Secret Diary of a Crossdresser
If you are a secret transvestite like me, then it’s highly likely that you feel guilty about crossdressing, and find it shameful. As there are huge social pressures to conform to a stereotype of masculinity, our greatest fear is therefore having our clandestine habit exposed to those closest to us, who will doubtless think us less of a man – or indeed a person – for our penchant for dressing in stockings and rubber miniskirts.
And because crossdressing takes place in secret, it feels like we are cheating on our partners.

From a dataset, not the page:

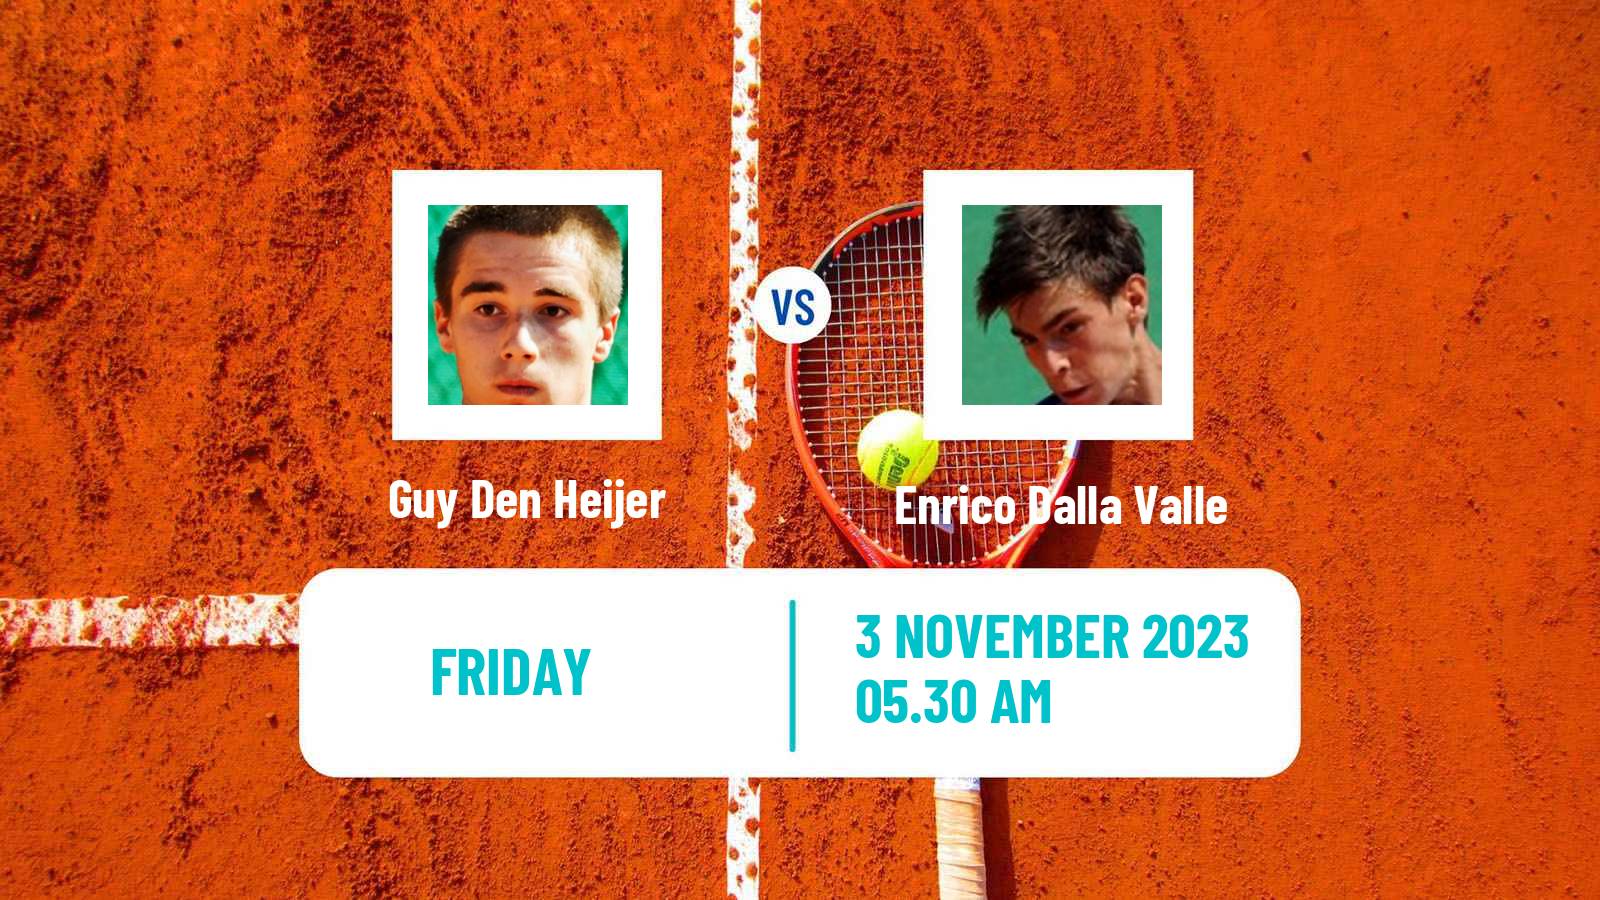 Tennis ITF M25 Heraklion Men Guy Den Heijer - Enrico Dalla Valle

This is especially the case, if, as it is for me, transvestism is an intensely erotic experience, which often involves the presence of another person who ‘forces’ me to crossdress, applies makeup, takes naughty photographs, and sometimes brings out a rubber strap-on…
After crossdressing sessions, that sense of guilt can be so great that many transvestites carry out a ‘purge’. Determined to rid ourselves permanently of a dirty little habit that can often feel like more of a curse than a blessing, we decide to throw away all our clothes, wigs, makeup, and other feminine accoutrements.
I must have purged at least three times, even though, at the bottom of my kinky heart, I’ve always known that I would be back. The first time was when I got engaged, which represented an obvious point at which I could literally bin my secret life. I remember contemplating, even as I watched the rubbish lorry going down the street, I could perhaps allow myself to buy a pair of latex stockings.
Within two years, despite being wracked with guilt, I had assembled another secret wardrobe. I once took it all the way to Madrid on a work trip, and after a delightfully sordid couple of hours with one of Spain’s finest dommes, I took the whole lot down to a bin in the street and threw it away. One can only imagine the puzzled face of the Madrid rubbish collector.
The last time was five years ago when I was driving home after a particularly fun makeover session. The suitcase in the boot, loaded with dresses, heels, and wigs, made me feel as illicit as a drugs mule, and so I pulled into a lay-by and chucked the whole lot into a bin.
Of course, you can guess what happened next. Within days, I had started to plot my new collection of female fetish wear, and it did not take long for me to visit Honour to pick up a gorgeous latex maid’s uniform. Oh, and it needed some heels to go with it. And some gloves…
By now, I hope I have broken this emotionally bulimic cycle of purging and acquiring – not least because of the expense. Now in my forties, I am more comfortable in my own skin, and indeed in women’s clothes. It’s my very private life, and I refuse to feel guilty for indulging in something that causes no harm to those closest to me, nor involves any form of sexual cheating.
In short, I hope I have purged the purges.